Buying a home will cost you more than you think. There are many hidden costs that you need to be ready for because they aren’t cheap. For instance, your lender can add over a grand to your costs or percentage-of-loan charges. You will then have to pay for building insurance, life insurance, contents insurance, bills, council tax, water, ground rent and even a service charge. This isn’t even including Stamp Duty and VAT.

Finding your first home

When viewing properties you need to be looking at the state of the vital amenities, such as the kitchen and bathroom. Décor can be adjusted at a fairly reasonable price, a new kitchen or bathroom cannot. Every home should come with an information pack educating you on the council tax, title deeds, leasehold information and home energy assessment. Make sure you ask for this so you are completely aware of all the costs associated with the property.

The first offer

Your opening offer is critical. You need to decide how much you can afford before you start and bid below that amount. For example, if the house you want is selling for 120,000 and you can only afford 110,000, bid 100,000 first. If this bid is knocked back raise the price by 1,000 each time until you reach an agreement.

What the gazump?

Once you have come to an agreement with the seller, you want to request that the house is taken off the market. This means that you won’t get gazumped by another buyer swooping in with a higher bid.

Signing the contract

Once you sign the contract and pay the deposit you lose a lot of your bargaining power so make sure you have everything in order before. You want to ensure you have everything you want and that you can get a mortgage. Your deposit at this stage will be around 1,000 and this amount is non-refundable.

Finding a mortgage

There are many mortgage lenders available through your bank or online. You can usually agree on a mortgage over the phone these days, or on the Internet. There will be fees to set up your mortgage of around 500 and this can go up depending on the rates you are getting for the loan.


You will need to employ a solicitor to check the legal elements of the sale and make sure the house isn’t currently under any land disputes, owed to another person and that the owner has the legal right to sell the property.

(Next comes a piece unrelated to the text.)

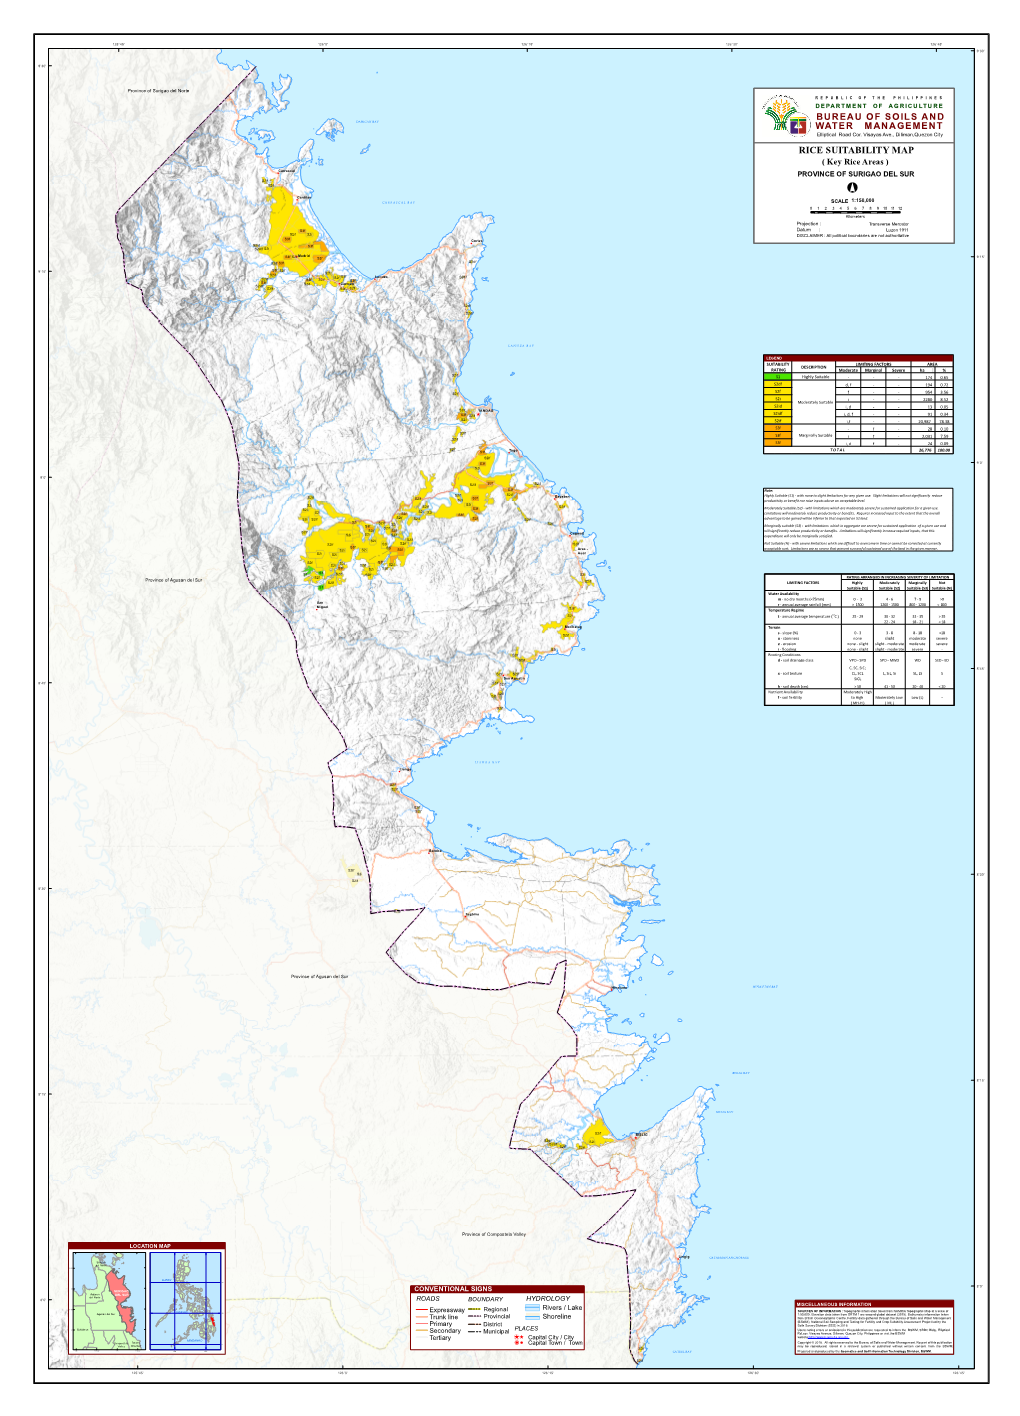 RICE SUITABILITY MAP ( Key Rice Areas ) Carrascal ! PROVINCE of SURIGAO DEL SUR S2if S2if °

Your mortgage company will require a basic survey confirming the value of the property. There are three types of surveys:

  • Mortgage Valuation: This is the cheapest and will basically confirm to the lender that the property has worth and could be sold if you default on your payments. It will not spot any huge faults.
  • Homebuyer’s Survey: This costs more but will be a lot more thorough, revealing any serious issues. One in four people renegotiate after this survey and reduce the overall cost of the property.
  • Full Building Survey: This is the most expensive and goes into greater detail, looking at the condition of your property. This is usually recommended for older properties or homes with a rare design.

Completion date

Once all the negotiating is complete and the contracts are exchanged you will set a completion date. This basically means the day you get the keys, move in and pop a bottle of champagne. This is usually two weeks after the exchange of contracts.